Real estate syndications earn money from rental income and property appreciation. Capital is distributed according to a tiered, sequential structure, known as a waterfall. In addition to performance-based compensation, sponsors also make money through fees, such as acquisition fees, disposition fees, and financing fees.
There are two key roles in any real estate syndication: the syndicator (commonly known as the sponsor) and the passive investors.
- Syndicator – In terms of investment strategy and execution, syndicators do the heavy lifting. They’re responsible for finding investors, structuring the deal, acquiring the asset, and managing the property. Syndicators create and implement a business plan for the asset—and they’re on the hook for delivering strong returns to investors. Syndicators are typically real estate professionals with specialized expertise in a particular niche. The syndicator often invests a portion of a deal’s total required equity to have “skin in the game.”
Once the property is purchased, the syndicator operates it on behalf of the investors. Investors receive distributions based on their ownership percentage. The syndicator receives additional fees and a carried interest bonus (“promote”) if the investment goes well.
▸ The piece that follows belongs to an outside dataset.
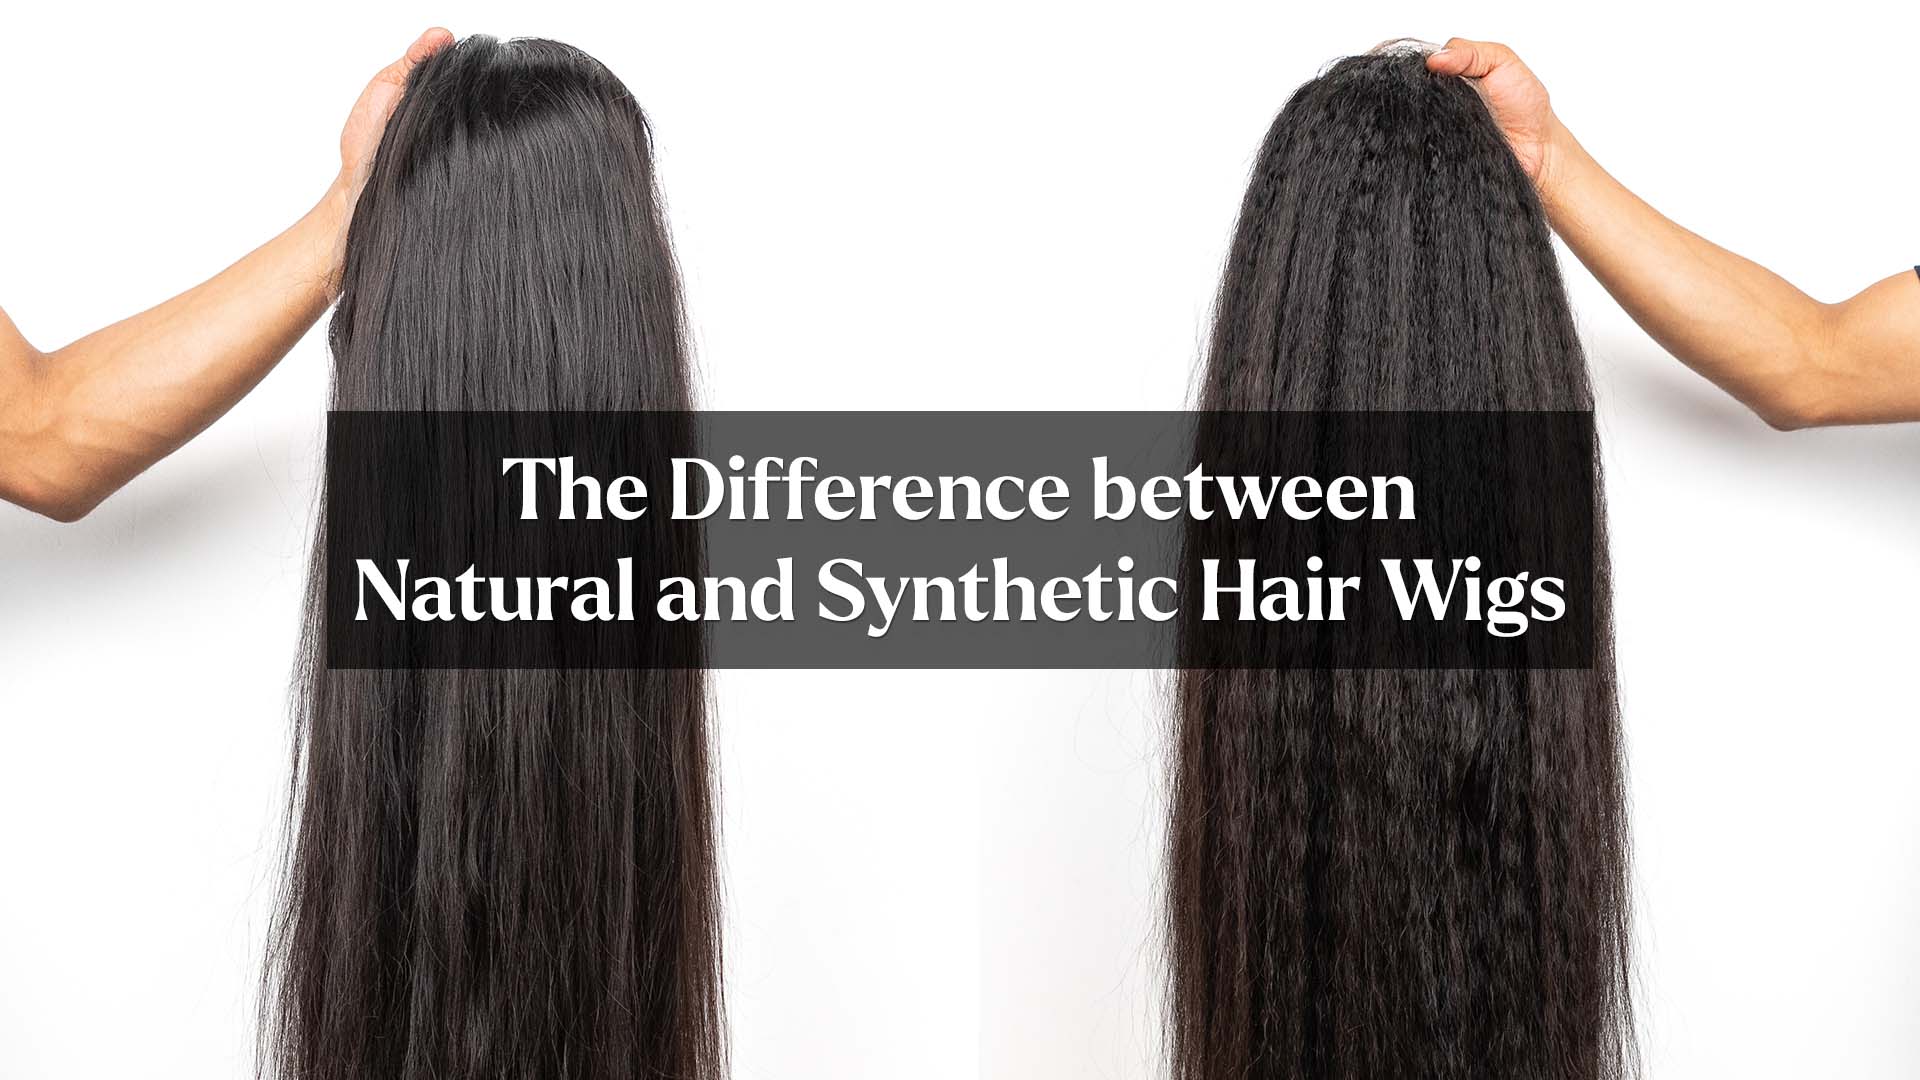 The Difference between Natural and Synthetic Hair Wigs.

- Passive investors – The rest of the equity capital comes from passive investors, who contribute money in exchange for ownership shares. As passive participants, these investors aren’t involved in the day-to-day operations of the property.
Syndications are usually structured as a limited partnership or limited liability company (LLC). These legal structures help shield investors from potential liability related to owning a property. The partnership or the LLC owns the asset, and the passive investors are known as limited partners or members.
“Sponsor” is broadly used to describe the entity at the helm making active decisions. It may technically refer to a general partner, managing member, or non-member manager, depending on the particular structure.
When companies want to raise money by selling securities, they typically need to comply with SEC registration requirements designed to protect investors. Real estate syndicates typically avoid the costs and burdens of registering with the SEC by using Regulation D, an exemption to the Investment Company Act of 1940.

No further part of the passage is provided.